20 ways to use a tea towel (besides wiping up messes)

  • By Lisa Boone Los Angeles Times
  • Friday, January 3, 2014 1:44pm
  • Life

They’re versatile. They’re inexpensive. And they’re often handmade, by local artisans to boot.

The tea towel is more than a dish rag or an eco-friendly substitute for disposable Bounty or Viva these days. It’s a bit of graphic art, available in a plethora of patterns and illustrated amusements.

We scoured stores and websites for a variety of the designs, then asked designers for these 20 ways to use a tea towel.

1. Line a bread basket.

2. Cushion the bottom of the fruit bowl.

3. Wrap a handmade design as a hostess gift.

4. “They also make cute reusable gift wrapping, using them like we do in Japan as a furoshiki,” or wrapping cloth, Lookout &Wonderland designer Niki Livingston said.

5. Use stiffer materials such as linen in place of vinyl shelf liner. When the shelves get dusty, just toss the towels into the laundry.

6. “Especially during the holidays, I love packing up fresh citrus in a tea towel and tying it off with yarn and bakers’ twine,” Culver City, Calif., textile artist Heather Taylor said. “This makes for a great hostess gift.”

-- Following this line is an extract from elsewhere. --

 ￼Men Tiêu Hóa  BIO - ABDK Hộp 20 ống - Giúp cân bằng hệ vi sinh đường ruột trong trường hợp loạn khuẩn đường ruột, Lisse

7. A variation on that theme: Use a tea towel to wrap scented handmade soap and leave it out for houseguests, suggested Kara Smith, president of SFA Design in L.A.

8. Use large ones as place mats.

9. “I love using tea towels as napkins or bibs for those get-your-fingers-dirty meals like crabs and ribs,” Studio City, Calif., textile designer Paula Smail said. “They look great on the table, and if they are illustrated, they become conversation starters.”

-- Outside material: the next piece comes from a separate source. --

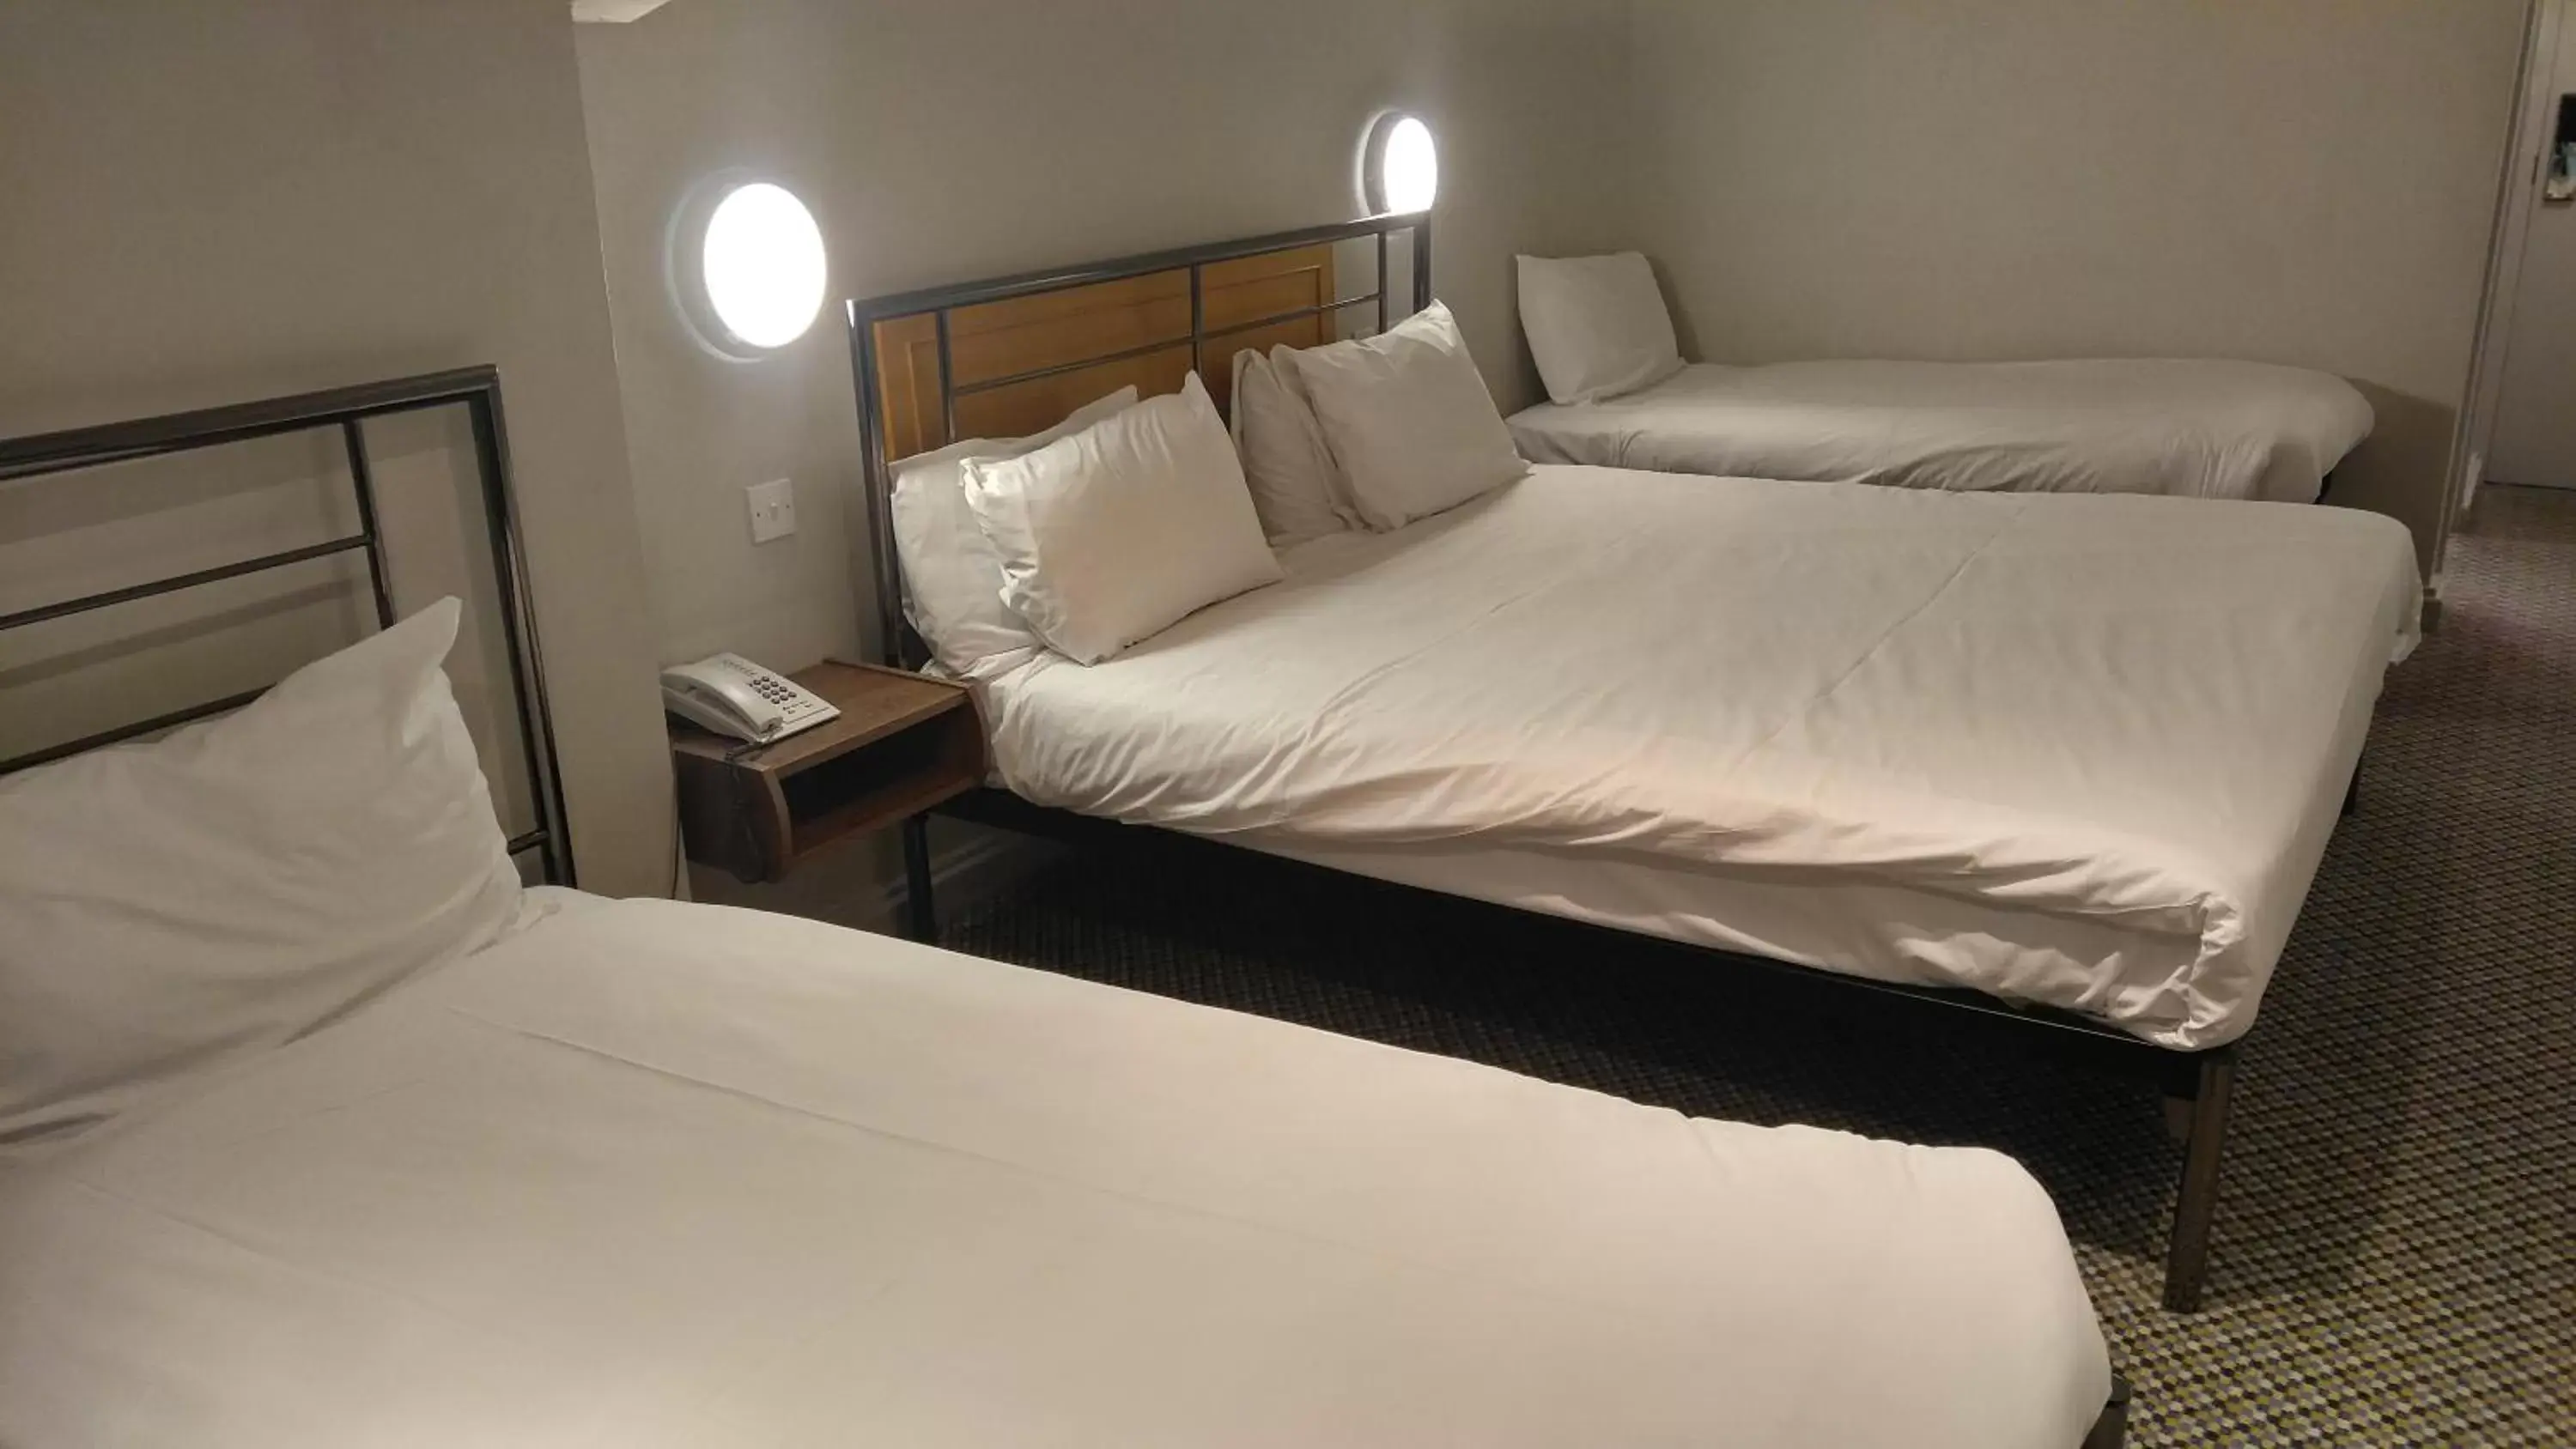 Bedroom, Bed in 247Hotel.com

10. Use softer materials such as flour-sack cloth to blot moisture when washing salad greens. Lay out lettuce on the towel, roll it like a cinnamon roll, then shake gently.

11. Lay down a damp towel to prevent the cutting board from slipping when carving meat or rolling out cookie dough.

12. Put them out as guest hand towels.

13. Line your tote bags with them. They’re easier to clean than most totes.

14. Stretch and staple them over wood frames as textile artworks to hang on the kitchen wall.

15. Use the towel as a wine bag. Ted Vadakan, co-founder of the L.A. store Poketo, shows how to wrap a bottle at poketo.com/blog/2012/10/18.

16. Turn your favorite designs into simple aprons with twill tape.

17. L.A. designer Kishani Perera suggests sewing them into simple toss pillows.

18. Or you can sew them into seat cushions.

19. Lay one over your computer keyboard as a dust (and cat hair) cover.

20. When the designs fade or the material gets ragged, use them outside the home. Car buffs love the super-soft flour sack material to wipe down the dashboard — and as we’ve proved here, it’s so easy to find cool new designs for the kitchen again.